COMPANY / The three key behaviors to achieve financial well-being explained by psychology

The three key behaviors to achieve financial well-being explained by psychology

N26 online bank partners with Professor Mira Fauth-Bühler, Ph.D., Neuroscientist and Professor of Economic Psychology and Neuroeconomics at FOM University Stuttgart, to identify habits that help people improve their relationship with money

Avoiding compulsive purchases, saving without pressure and setting realistic goals are some of the keys to enjoying a healthier financial state

Setting realistic goals, not putting too much pressure on yourself or subjecting yourself to very strict goals are three of the keys to improving financial health and, with it, emotional well-being, says the online bank N26. On the occasion of the Mental Health Awareness Month, celebrated in May, the entity has collaborated with the professor and doctor Mira Fauth-Bühler, neuroscientist and professor of economic psychology and neuroeconomics at the FOM University of Stuttgart, to define the habits that They help improve people’s relationship with money. Although an important part of the causes that generate anxiety regarding personal finances are not controllable, it is possible to develop habits that affect economic decision-making by making them more aware.

1. Avoid compulsive purchases

Stress and bad mood are often behind impulse purchases that often end in regret, says Fauth-Bühler.
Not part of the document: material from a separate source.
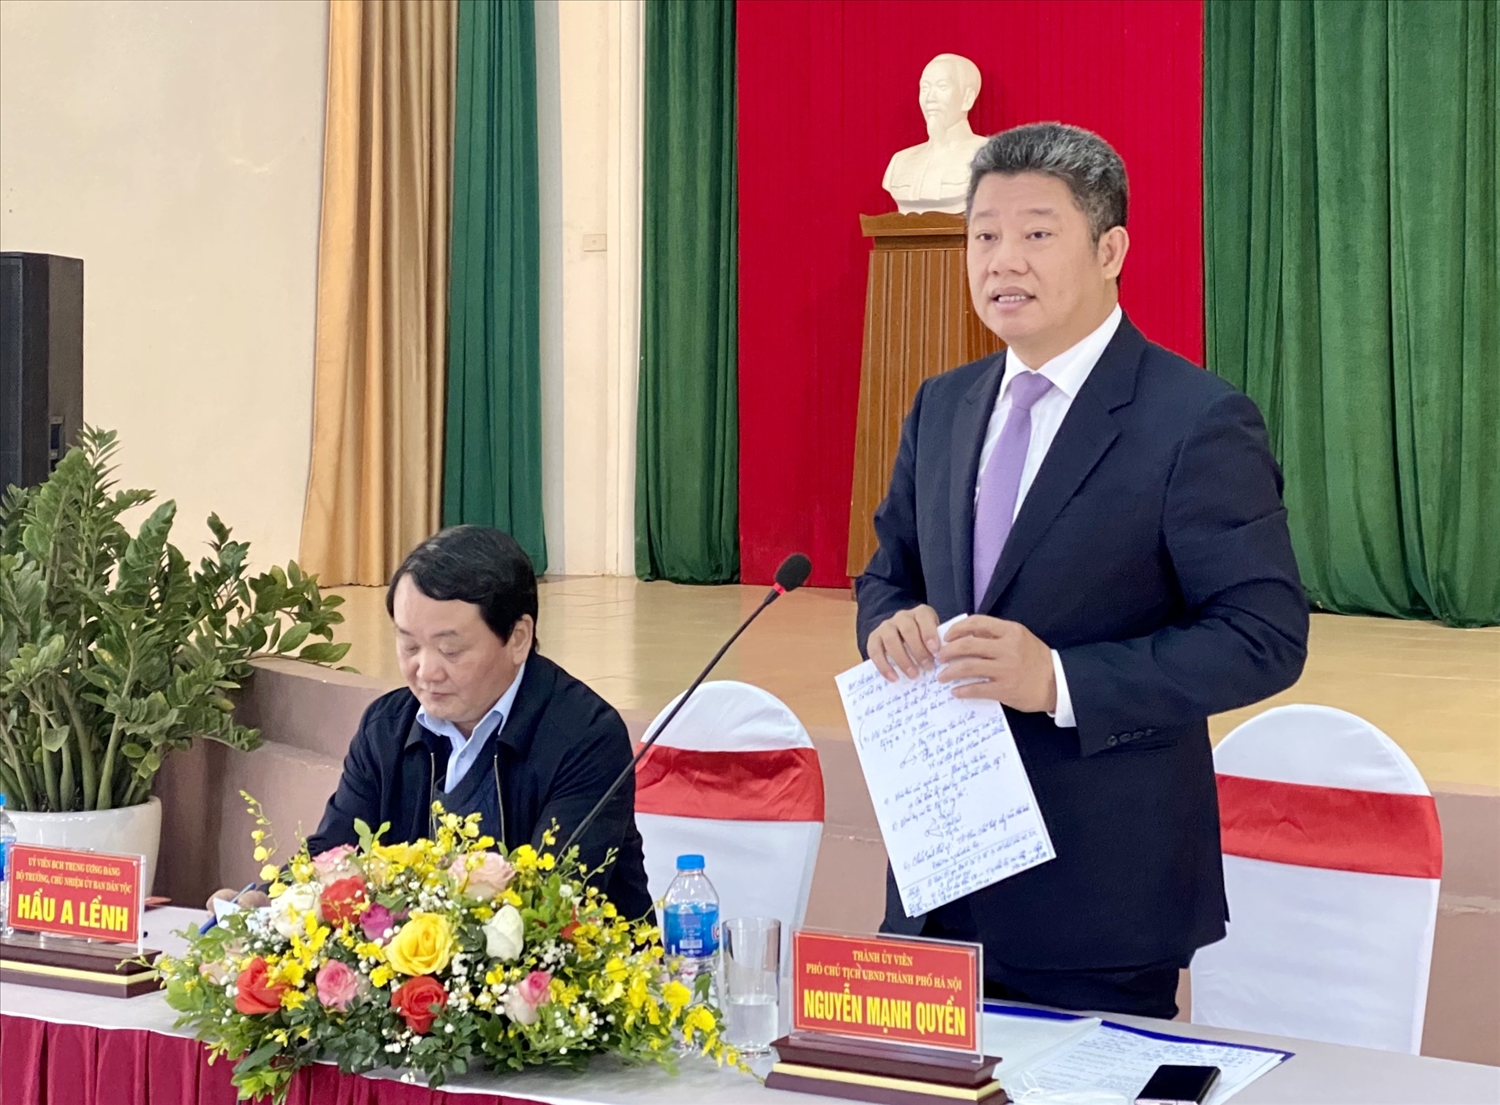 Phó Chủ tịch UBND TP. Hà Nội Nguyễn Mạnh Quyền khẳng định quyết tâm triển khai thực hiện hiệu quả Chương trình MTQG

Emotional distress causes the control region of the human brain to “shut down.” This is problematic since this area is responsible for managing long-term goals, delaying gratification, and resisting impulses and temptations. Instead, the reward system takes over, demanding instant gratification to feel better. Likewise, time and time pressure are the main enemies of rational thought. “If you don’t have the time to reflect on the behavior, possible alternatives and consequences, the reward system takes over,” says Fauth-Bühler.

Both scenarios often end in those impulse purchases and questionable financial decisions. Therefore, a crucial first step towards more conscious spending behavior is being able to identify our consumption patterns. From N26 they recommend identifying the factors (the start of the sales, for example) and the situations (going shopping after a bad day) that encourage compulsive spending to avoid it.

2. Save without pressure

According to the analysis carried out by Fauth-Bühler, “the human brain is not made to save or make intelligent financial decisions.” On the contrary, the human being is “programmed to seek instant gratification and the brain rejects waiting or long-term rewards. Therefore, spending is much easier than saving or investing.”

To alleviate the pressure of the control system when making conscious savings decisions, N26 suggests defining long-term objectives and making use of tools that allow the process to be automated to avoid having to make active decisions. Digital tools are a good alternative, as they simplify and automate the saving process. For example, N26 allows you to set automatic rules for your slots (subaccounts) that regularly transfer a preset amount. Another function that the user can choose to automate is the “Rounding”, which, as its name suggests, rounds purchases to the nearest euro and moves the surplus to a saving space designated by the customer. It should be noted that in the first year after its launch, this tool allowed N26 customers to save more than 12 million euros.

These are examples of how to establish a saving behavior based on habit, which is guided by the “reward system” and, due to its automation, requires less effort and energy, freeing the user from the pressure or rejection that often involve active saving decisions.

3. Set realistic goals

Responsible money management habits aren’t established overnight, and setting too many or unrealistic financial goals can even backfire, as “trying to control too many impulses at once increases the risk of failure,” says Fauth- Buhler.

Instead, Online Banking recommends breaking down savings goals into smaller milestones and formulating them as specifically as possible. “Meeting goals brings an instant sense of gratification, and because of a positive reinforcement process (reflected neurobiologically in a burst of dopamine), the person is more likely to repeat the behavior that led to that success.” Ultimately, this will promote financial well-being and improve the relationship with money, as the joyful emotions of success and achievement will be associated with saving.